Excluding pictures, what does the listing below contain from the line with "免费发放 Office 365 A1 帐号" up to and including the line with "Henry Terre Nachthemd", word for word?

- Recorded information:
====
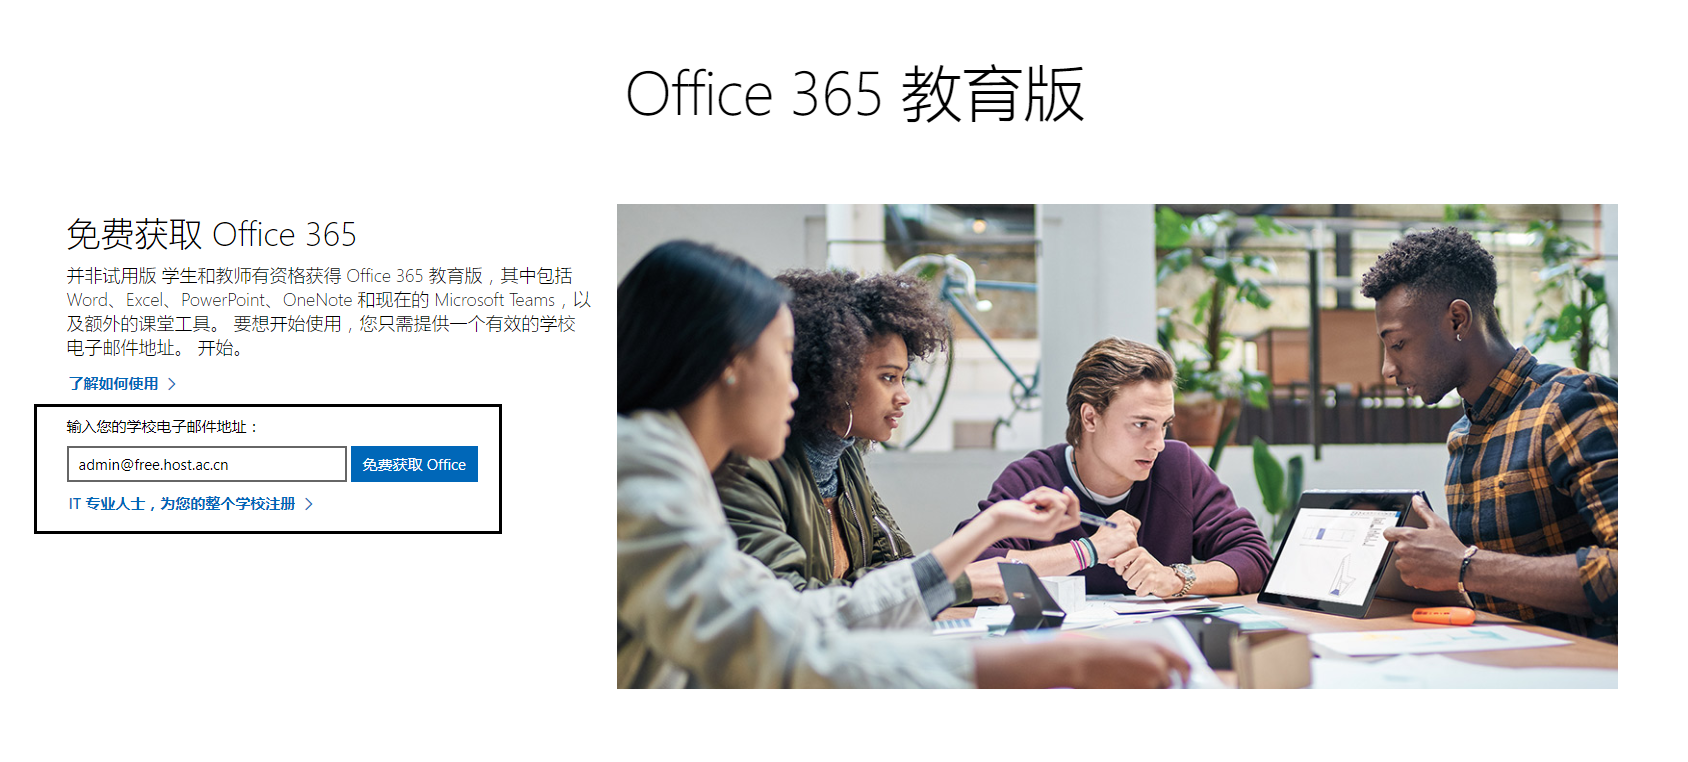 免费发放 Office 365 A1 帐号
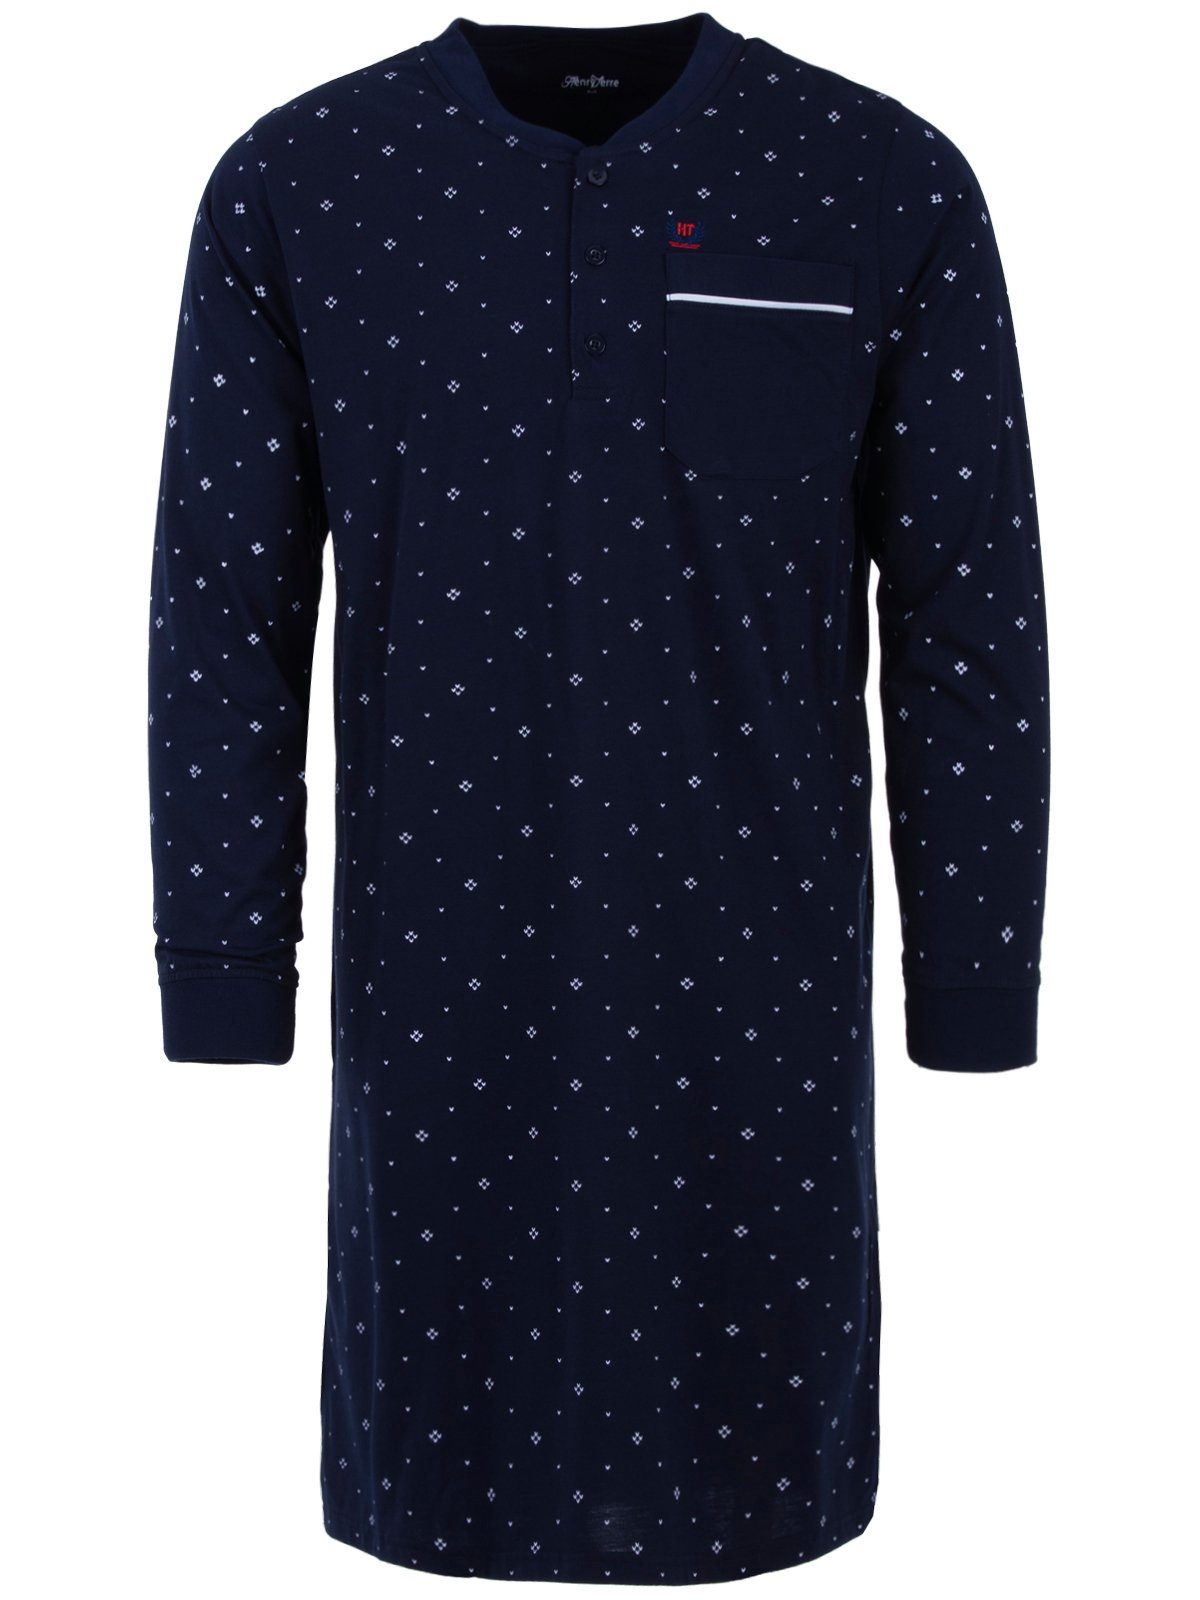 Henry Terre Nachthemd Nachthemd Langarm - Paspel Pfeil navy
====
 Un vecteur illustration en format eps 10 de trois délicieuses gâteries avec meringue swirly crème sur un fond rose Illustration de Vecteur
====
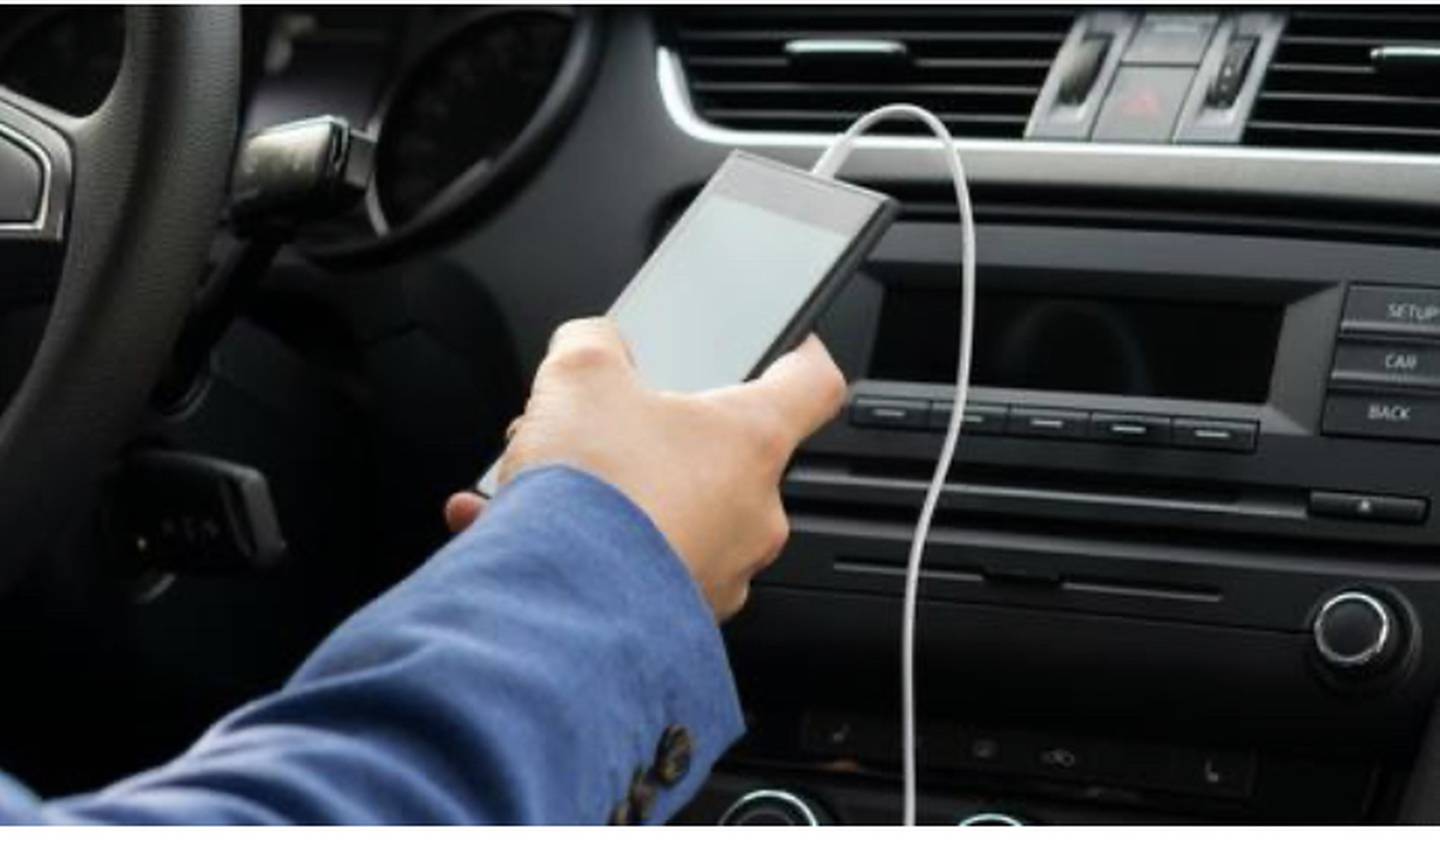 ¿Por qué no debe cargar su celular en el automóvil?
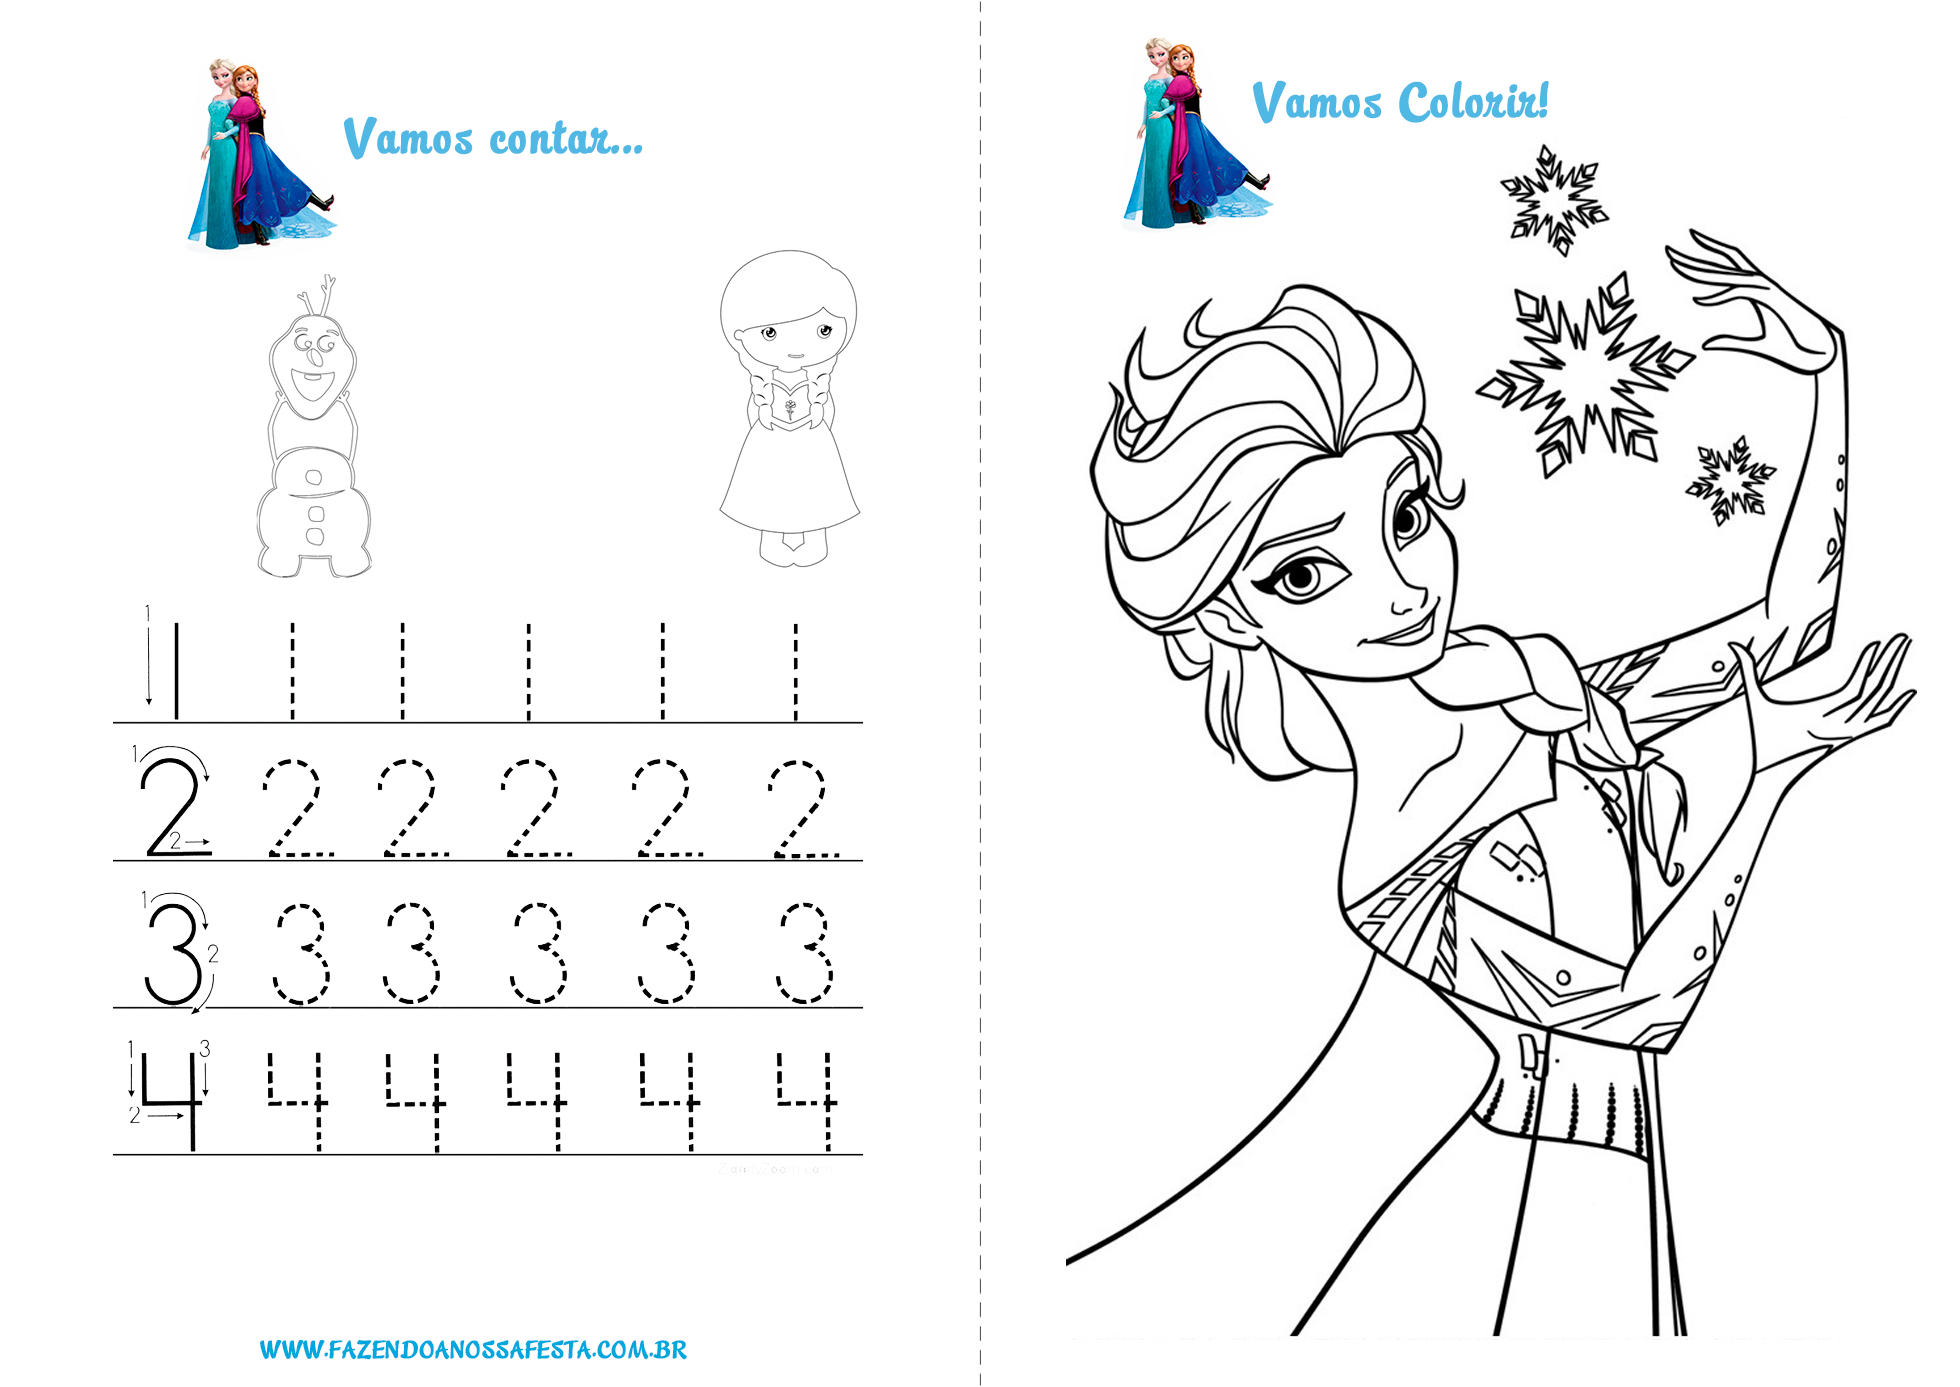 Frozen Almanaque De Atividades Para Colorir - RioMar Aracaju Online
====
- Task response:
 免费发放 Office 365 A1 帐号
 Henry Terre Nachthemd Nachthemd Langarm - Paspel Pfeil navy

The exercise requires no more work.